Подгоняемые жестоким погонщиком вдоль тропы пролетели первые псы, отвечая на каждый взмах плети недовольным поскуливанием. Пролетели — и скрылись за поворотом. Следом за ними, важно вскинувши хвост и выбросив из клыкастой пасти огромный слюнявый язык, трусцой бежал огромный вожак гончих — наводящая страх злонравная псина с широким плоским носом и зыркающими из-под мешковатых век воспаленными глазами. Было бегущий пёс внезапно остановился, настороженно повел по воздуху носом и, вскинув бугристую голову, протяжно завыл. Орчье воинство встало как вкопанное мигом ощерившись черными ятаганами.
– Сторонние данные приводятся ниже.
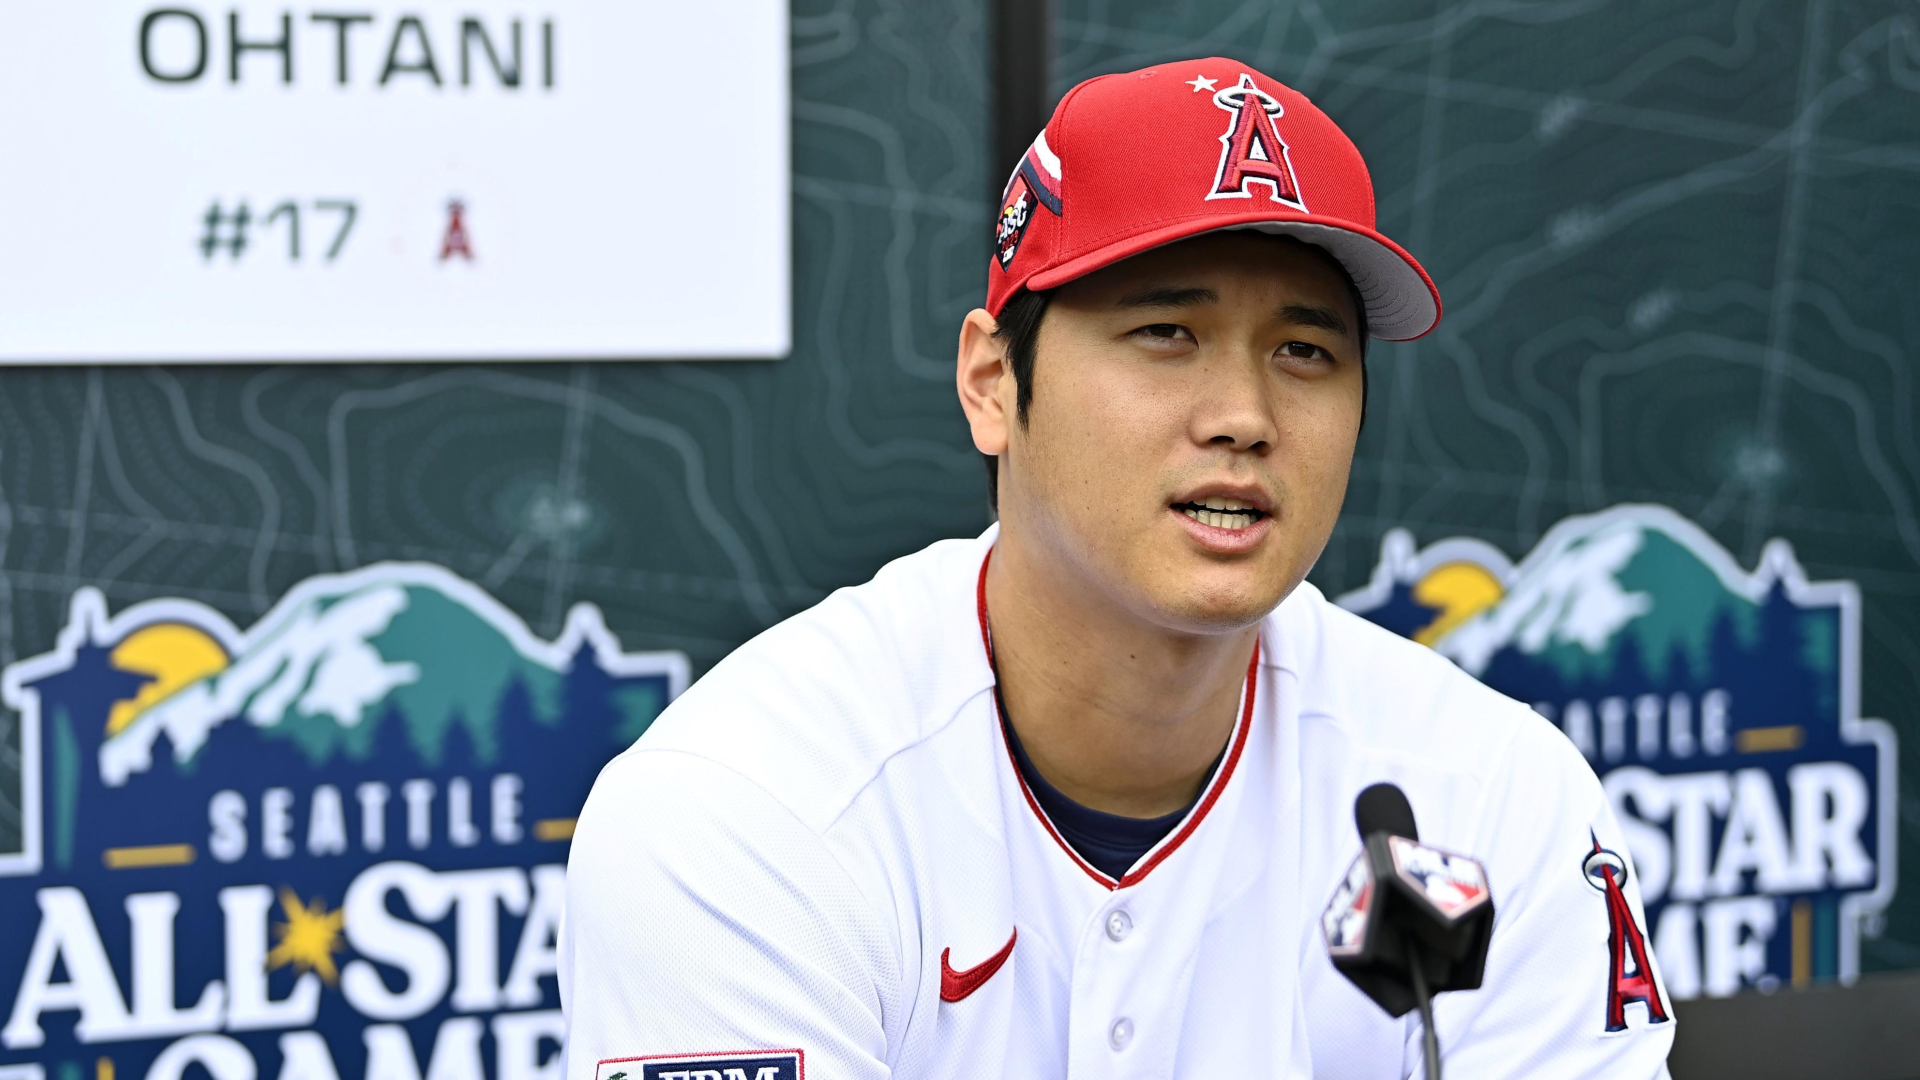 MLB All-Star Game: Yankees lead way with 6 players, Shohei Ohtani

Занеся над собой посох, беломордый шаман стал настороженно вышагивать вдоль шеренги, злая орчья ищейка тем временем еще раз обнюхала воздух и, сиганув с каменистого карниза в ущелье, деловито зашлепала по ручью. К ужасу путников, собака двигалась в сторону неприметной осыпи, над которой и лежала сокрывающая их ложбина. Бард закрыл лицо руками, пуще прежнего вжавшись в скалу. Пригнулся и Сид, судорожно ухватившись за толстую рукоять кинжала.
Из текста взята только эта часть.